Harrah v. Home Furniture, Inc.

214 P.2d 1016, 67 Nev. 114, 1950 Nev. LEXIS 46
CourtNevada Supreme Court
DecidedFebruary 14, 1950
Docket3593
StatusPublished
Cited by4 cases

This text of 214 P.2d 1016 (Harrah v. Home Furniture, Inc.) is published on Counsel Stack Legal Research, covering Nevada Supreme Court primary law. Counsel Stack provides free access to over 12 million legal documents including statutes, case law, regulations, and constitutions.

Bluebook
Harrah v. Home Furniture, Inc., 214 P.2d 1016, 67 Nev. 114, 1950 Nev. LEXIS 46 (Neb. 1950).

Opinion

OPINION

By the Court,

Badt, J.:

Home Furniture, Incorporated, recovered a judgment against John Harrah, pursuant to verdict of a jury, for $820.75 as a balance due for merchandise ordered by and delivered to Gloria Harrah, the defendant’s wife, and *116 charged to Harrah’s account. He has appealed from the judgment and order denying new trial. The main question involved is that of the creation by Harrah of an ostensible agency in his wife. No question is raised as to the delivery of the merchandise or its reasonable value.
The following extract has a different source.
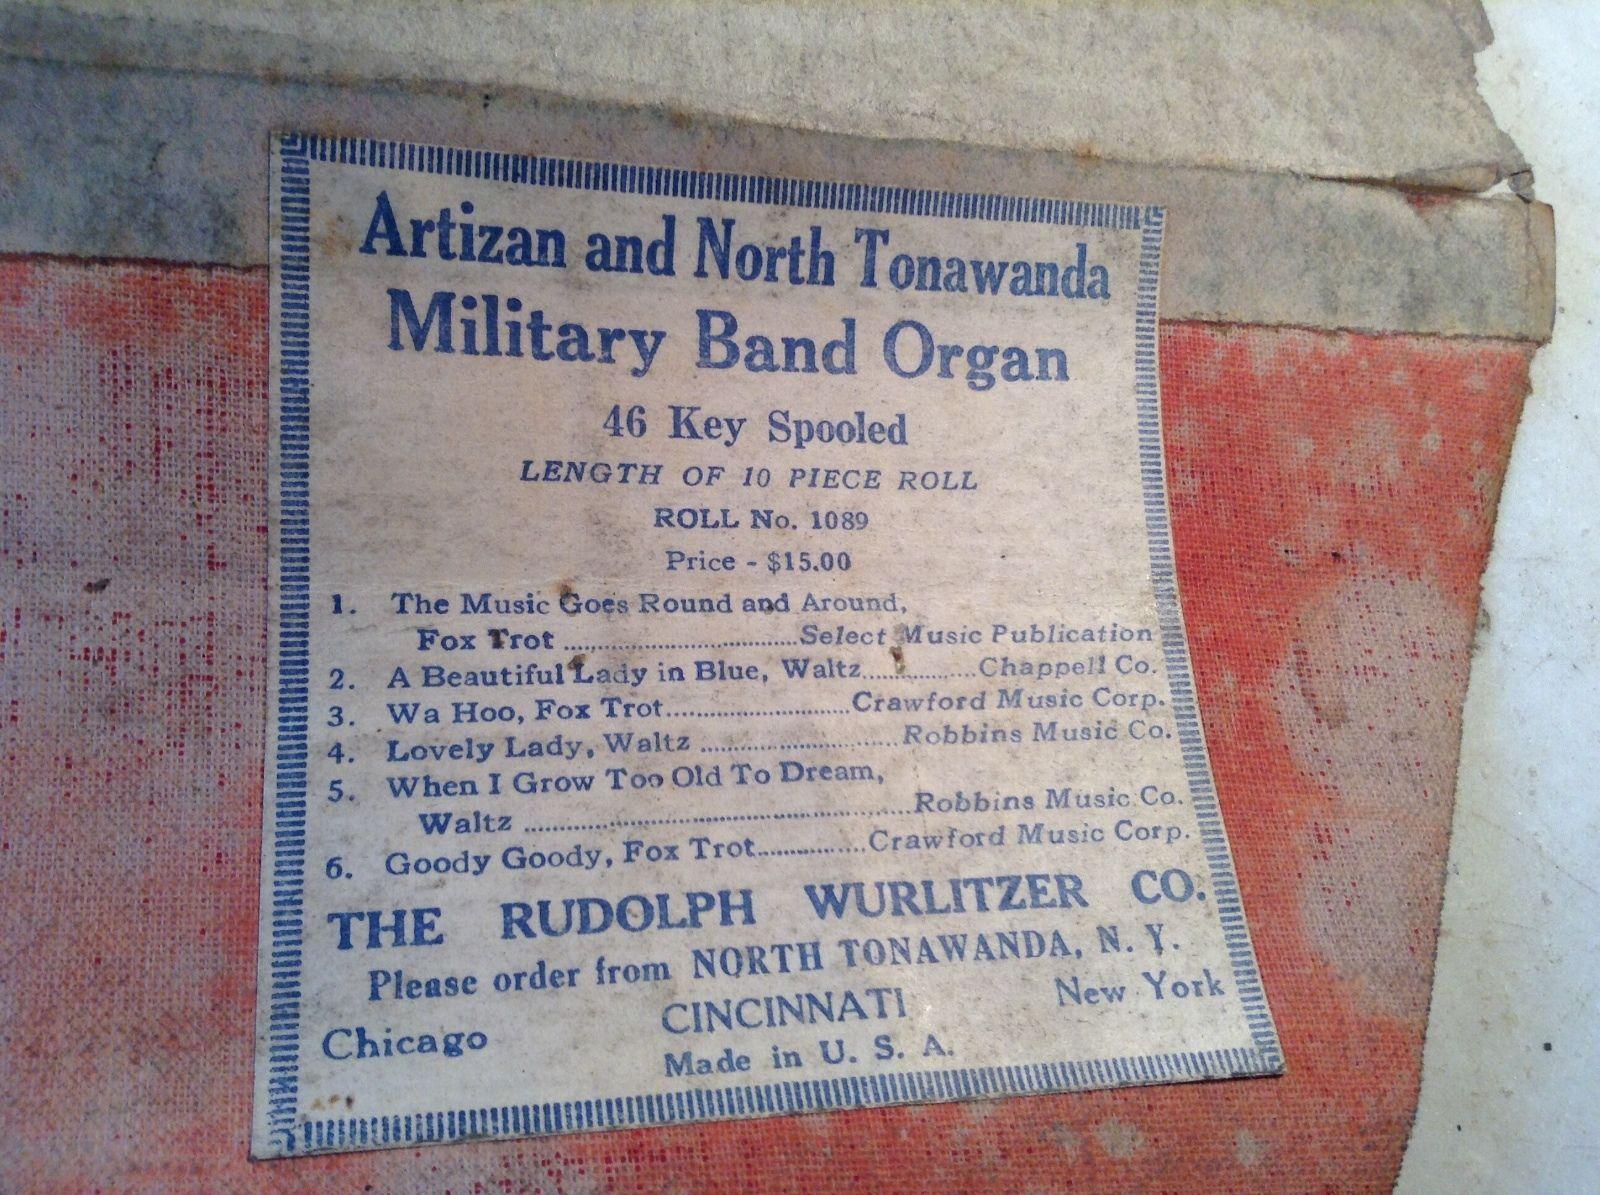 Artizan and NT Wurlitzer music roll (c1930).jpg

Plaintiff’s book accounts admitted in evidence showed an account against John Harrah commencing February 14, 1947 with an item of $842.40 for carpet, etc., which was paid March 7, 1947; an item of April 26, 1947 in the sum of $22 for Venetian blinds; an item of credit on July 31, 1947 of $22.50 for the return of one of two lamps which had been purchased for cash for $44.50. The testimony shows that all of these items were ordered by defendant John Harrah personally. The account then shows on March 25, 1948 the purchase (also by Mr. Harrah) of two card tables for $7.90, which left the account with a credit balance of $14.60. Next appeal-charges on June 21, 1948 of a boy’s bicycle for $42.95 and poultry shears $3.75, aggregating $46.70, which, after applying the credit balance of $14.60, left a debit balance of $32.10. The bicycle and poultry shears were purchased by Mrs. Harrah and charged to John Harrah’s account. This balance he paid on July 10,1948 on receipt of what he states was an unitemized statement of balance due and which he paid thinking that it was for items that he himself had ordered. Witnesses for the plaintiff testified that the $32.10 paid by Harrah was upon an itemized bill, and the jury apparently accepted that testimony. The account next shows purchases on August 27 and September 15, 1948 of numerous items of luggage amounting to $820.75 by Mrs. Harrah, and these items comprise the ones in dispute.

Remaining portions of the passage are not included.